Filters the elements in the passed in array to those that are contained within
the specified rectangle.

**Parameters**

- **array** *(Array)* The input array to filter
- **rect** *(Number[][])* The rectangle, a pair of two points [[x, y], [x, y]]
- **x** *(Function)* Function that maps a point in the array to its x value
  *(defaults to d => d[0])*
- **y** *(Function)* Function that maps a point in the array to its y value
  *(defaults to d => d[1])*

**Returns**

*(Array)* The subset of the input array that is contained within the rectangle


### <a href="#filterInRectFromQuadtree" name="filterInRectFromQuadtree">#</a> filterInRectFromQuadtree(array, rect, x, y)

Filters the elements in the passed in quadtree to those that are contained within
the specified rectangle.

**Parameters**

- **quadtree** *(Object)* The input data as a d3-quadtree to filter
- **rect** *(Number)* The rectangle, a pair of two points [[x, y], [x, y]]
- **x** *(Function)* Function that maps a point in the array to its x value
 *(defaults to d => d[0])*
- **y** *(Function)* Function that maps a point in the array to its y value
 *(defaults to d => d[1])*

**Returns**

*(Array)* The subset of the input data that is contained within the
 rectangle



### <a href="#findClosestSorted" name="findClosestSorted">#</a> findClosestSorted(array, value, accessor)

Helper function to compute distance and find the closest item
Since it assumes the data is sorted, it does a binary search O(log n)

**Parameters**

- **array** *(Array)* the input array to search
- **value** *(Number)* the value to match against (typically pixels)
- **[accessor]** *(Function)* applied to each item in the array to get equivalent
  value to compare against *(defaults to identity)*

**Returns**

*(Any)* The item in the array that is closest to `value`


### <a href="#findClosestUnsorted" name="findClosestUnsorted">#</a> findClosestUnsorted(array, value, accessor)

Helper function to compute distance and find the closest item
Since it assumes the data is unsorted, it does a linear scan O(n).

**Parameters**

- **array** *(Array)* the input array to search
- **value** *(Number)* the value to match against (typically pixels)
- **[accessor]** *(Function)* applied to each item in the array to get equivalent
  value to compare against *(defaults to identity)*

**Returns**

*(Any)* The item in the array that is closest to `value`



### <a href="#findEqualSorted" name="findEqualSorted">#</a> findEqualSorted(array, value, accessor)

Helper function to find the item that matches this value.
Since it assumes the data is sorted, it does a binary search O(log n)

**Parameters**
- **array** *(Array)* the input array to search
- **value** *(Number)* the value to match against (typically pixels)
- **[accessor]** *(Function)* applied to each item in the array to get equivalent
  value to compare against *(defaults to identity)*

**Returns**

*(Any)* The item in the array that has this value or null if not found


### <a href="#findEqualUnsorted" name="findEqualUnsorted">#</a> findEqualUnsorted(array, value, accessor)

Helper function to find the item that matches this value.
Since it assumes the data is unsorted, it does a linear scan O(n).

**Parameters**
- **array** *(Array)* the input array to search
- **value** *(Number)* the value to match against (typically pixels)
- **[accessor]** *(Function)* applied to each item in the array to get equivalent
  value to compare against *(defaults to identity)*

**Returns**

*(Any)* The item in the array that has this value or null if not found

### <a href="#rectContains" name="rectContains">#</a> rectContains(rect, point)

Determines if a point is inside a rectangle.
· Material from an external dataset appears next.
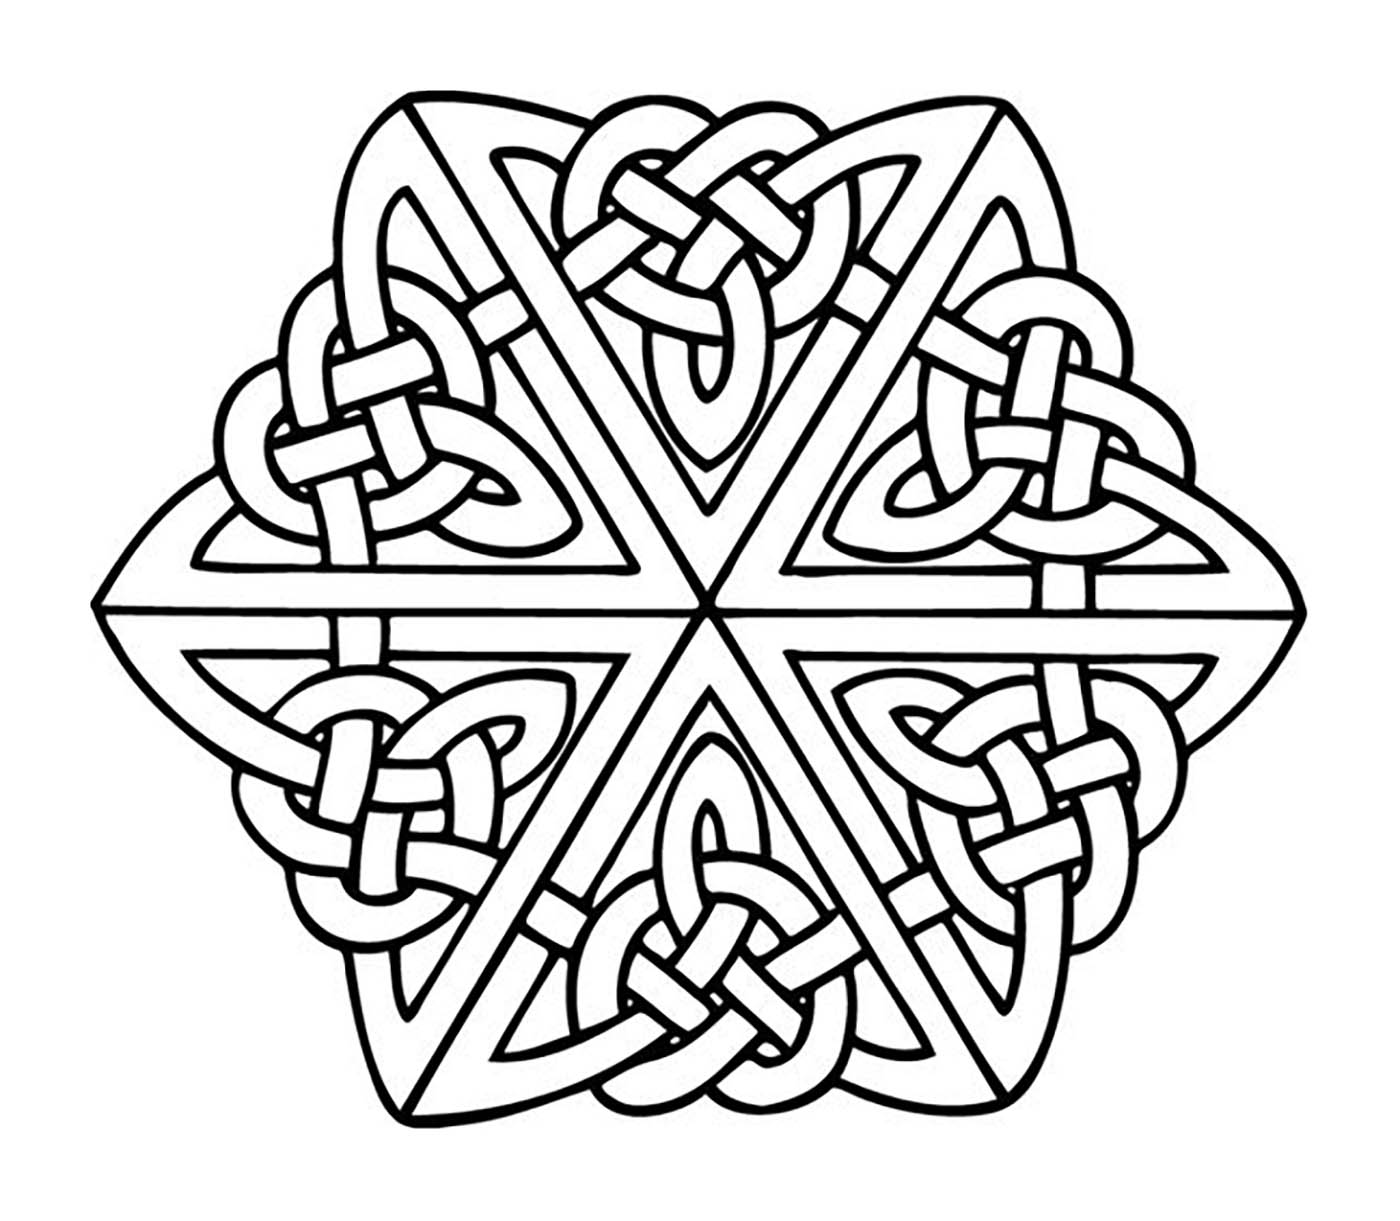 Se state cercando un mandala celtico non troppo complicato da colorare, ma con un relativo livello di difficoltà, questo è perfetto per voi.
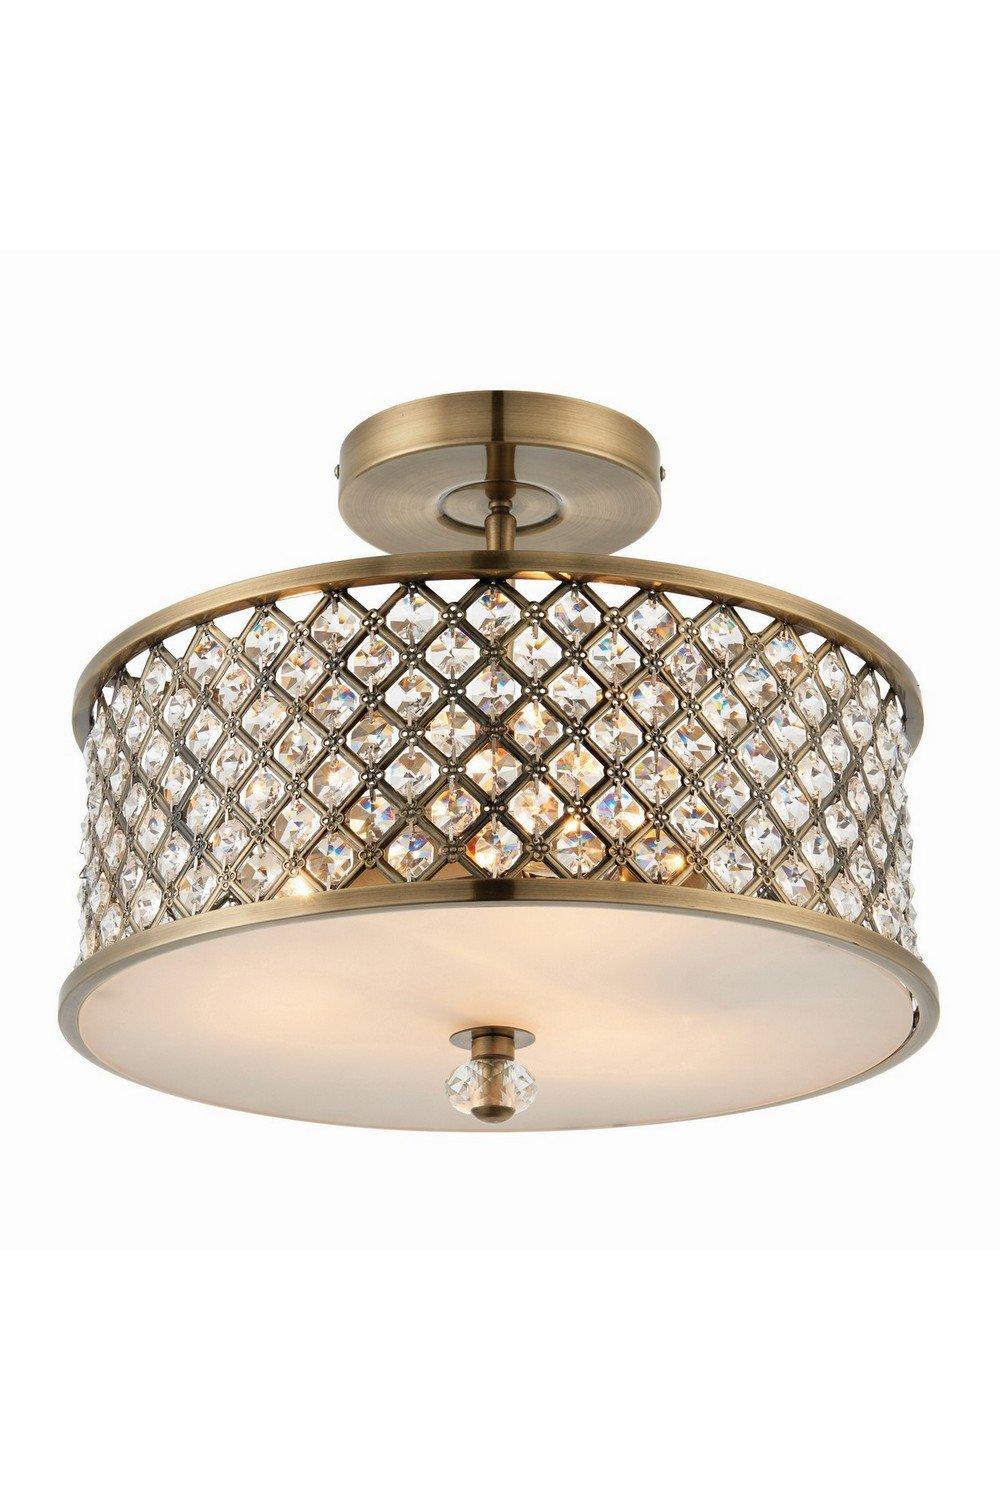 Hudson 3 Light Flush Ceiling Light Antique Brass Crystal E27

The rectangle is
defined by two points `[[rx1, ry1], [rx2, ry2]]`.
  - the upper left corner (rx1, ry1)
  - the bottom right corner (rx2, ry2)

Note that it is assumed that the top Y value is less than the bottom Y value.

**Parameters**

- **rect** *(Number[][])* The rectangle, a pair of two points
   [[x, y], [x, y]]
- **point** *(Number[])* The point ([x, y])

**Returns**

*(Boolean)* true if the point is inside the rectangle, false otherwise


### <a href="#rectIntersects" name="rectIntersects">#</a> rectIntersects(rect1, rect2)

Determines if two rectangles intersect. Here a rectangle is defined
by its upper left and lower right corners.

Note that it is assumed that the top Y value is less than the bottom Y value.

**Parameters**

- **rect1** *(Number[][])* The first rectangle, a pair of two points
   [[x, y], [x, y]]
- **rect2** *(Number[][])* The second rectangle, a pair of two points
   [[x, y], [x, y]]

**Returns**

*(Boolean)* true if the rectangles intersect, false otherwise

### <a href="#rotate" name="rotate">#</a> rotate(point, thetaRadians, origin)

Rotate a point ([x, y]) around an origin ([x, y]) by theta radians

**Parameters**

- **point** *(Number[])* The point to rotate [x, y]
- **thetaRadians** *(Number)* How many radians to rotate the point around origin
- **[origin]** *(Number[])* The origin to rotate around [x, y] *(defaults to [0, 0])*

**Returns**

*(Number[])* The rotated point [x, y]